**Information provided:**

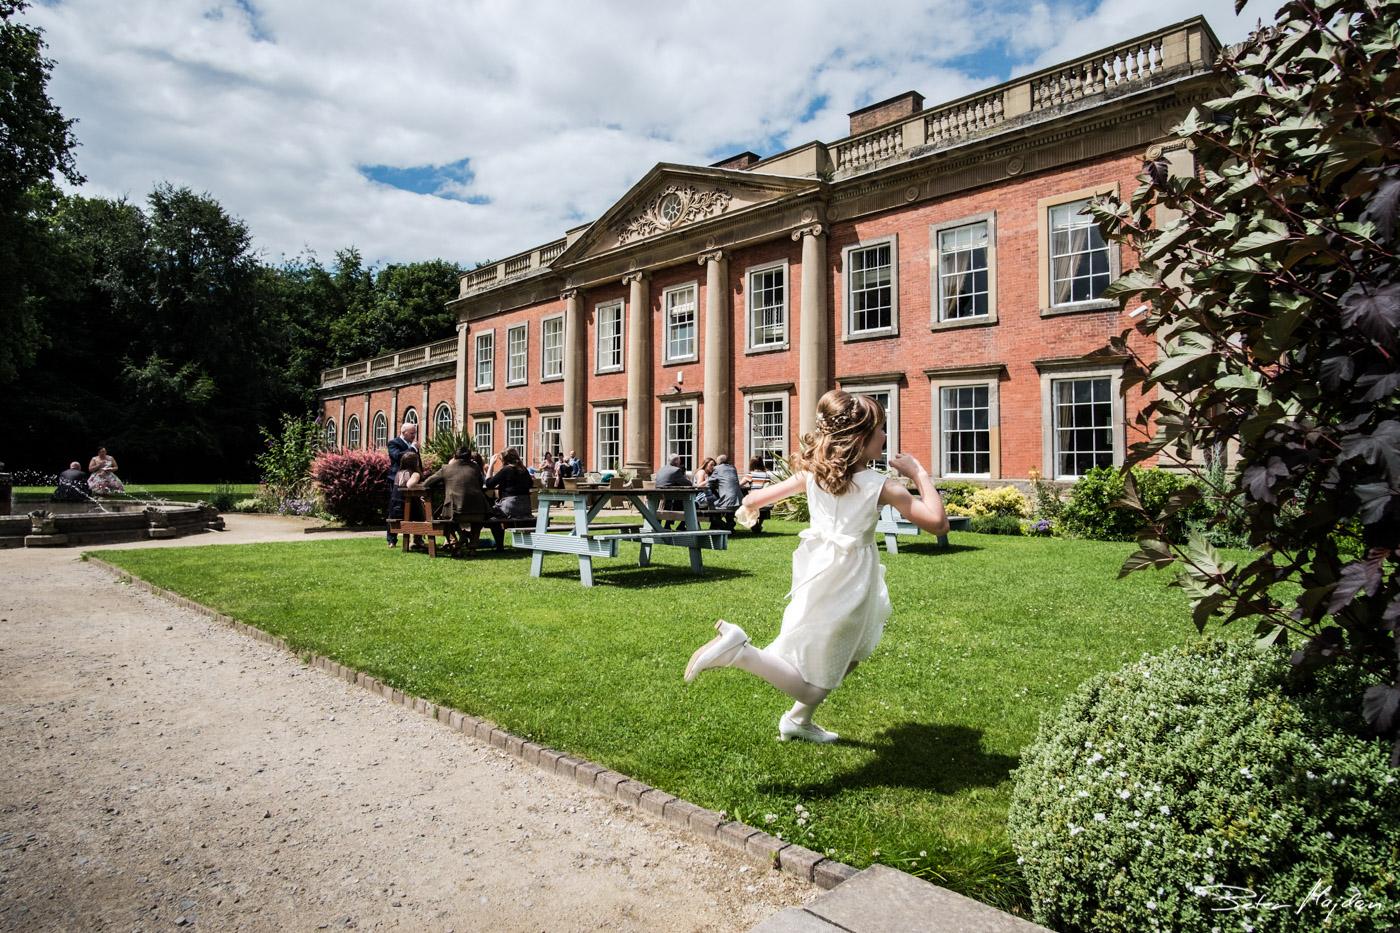 Colwick-hall-wedding-photography-32.jpg
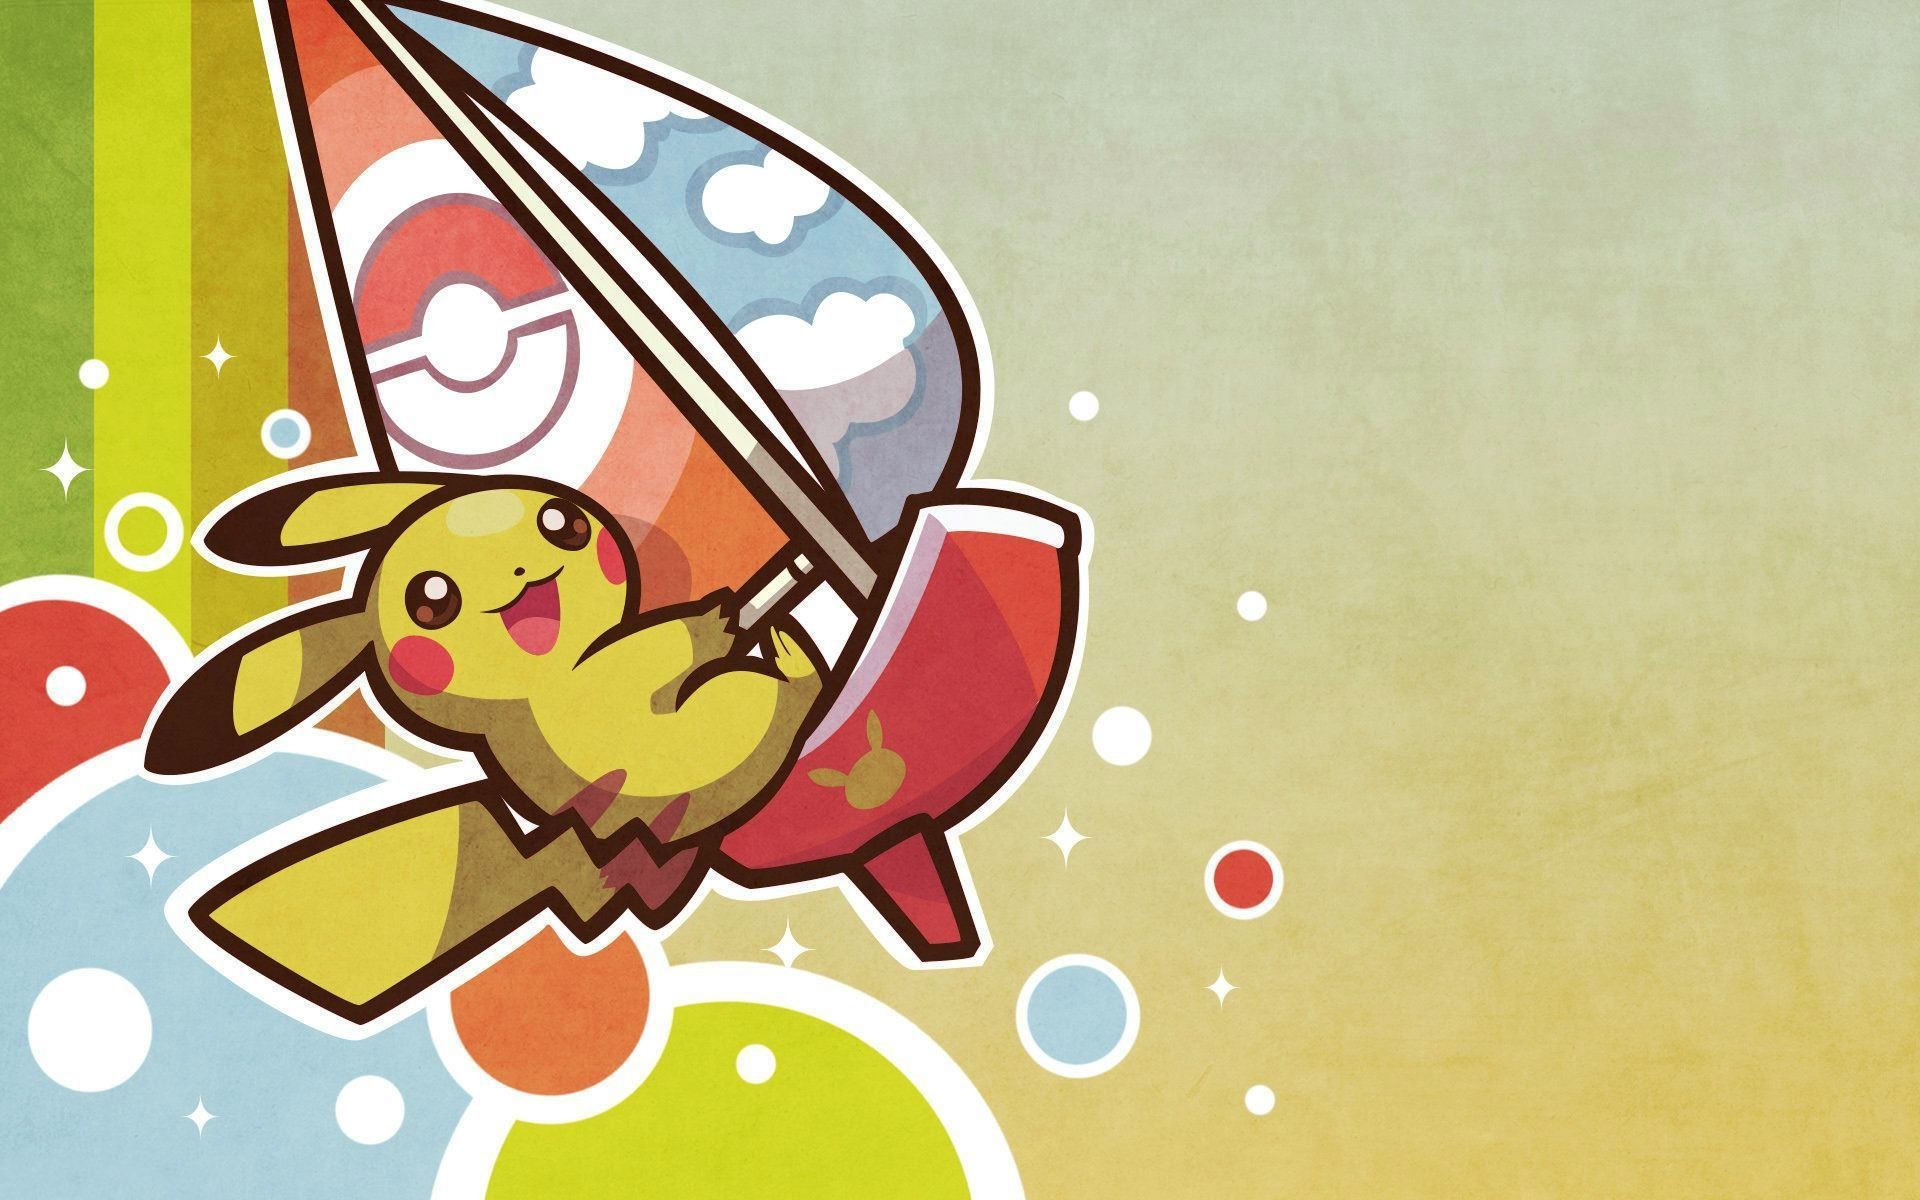 Res: 1920x1200, cute pokemon wallpaper images
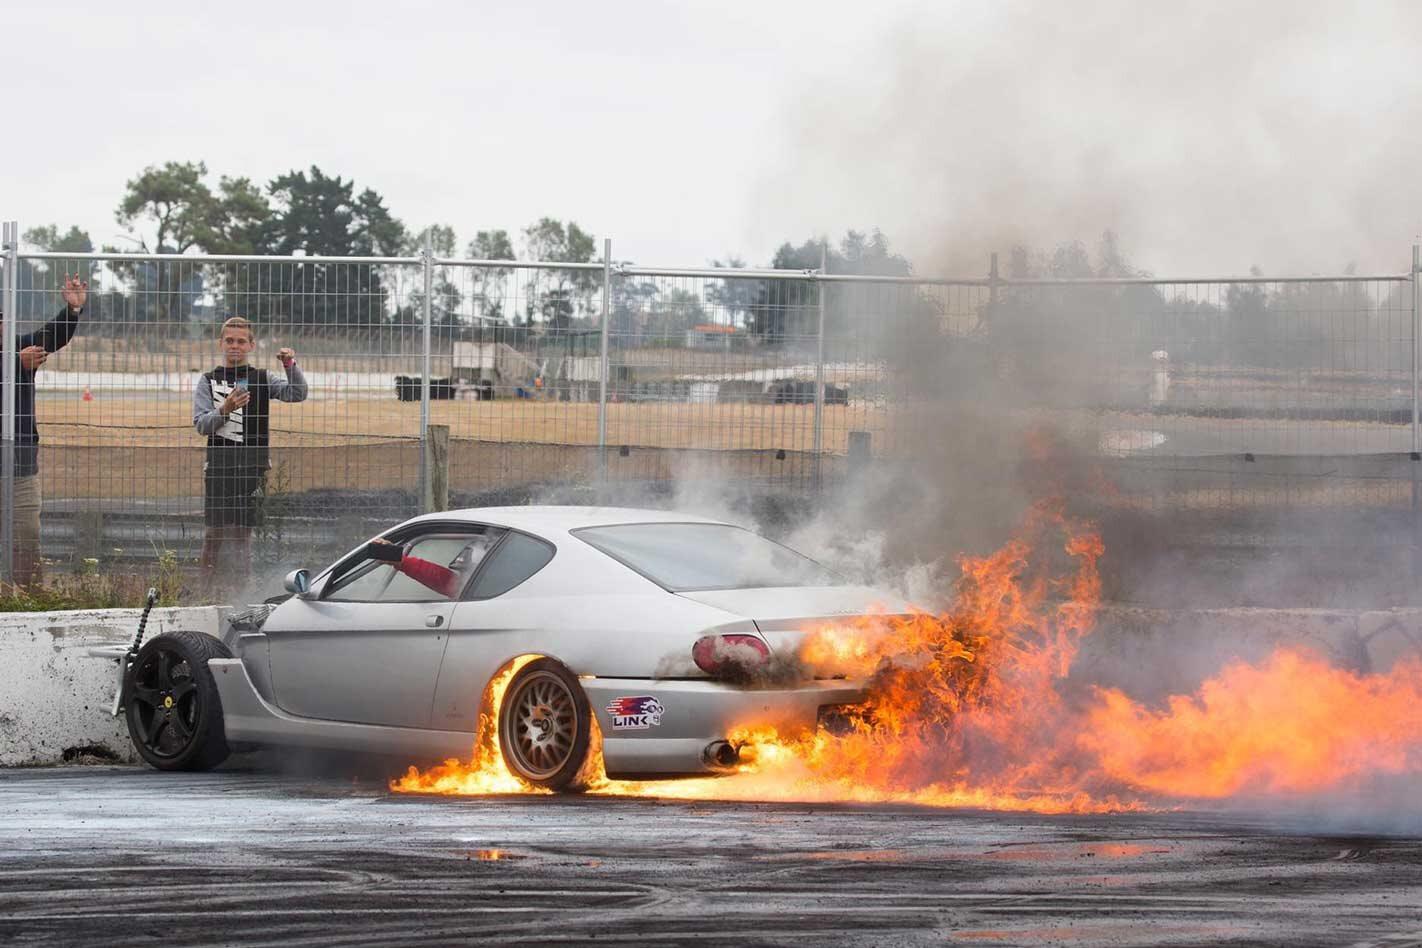 Rotary-swapped Ferrari 456 anger Maranello

**Exercise objective:** Working from the lines above, reproduce the material exactly and exclude its pictures.

**Answer to the problem:**
 Colwick-hall-wedding-photography-32.jpg
 Res: 1920x1200, cute pokemon wallpaper images
 Rotary-swapped Ferrari 456 anger Maranello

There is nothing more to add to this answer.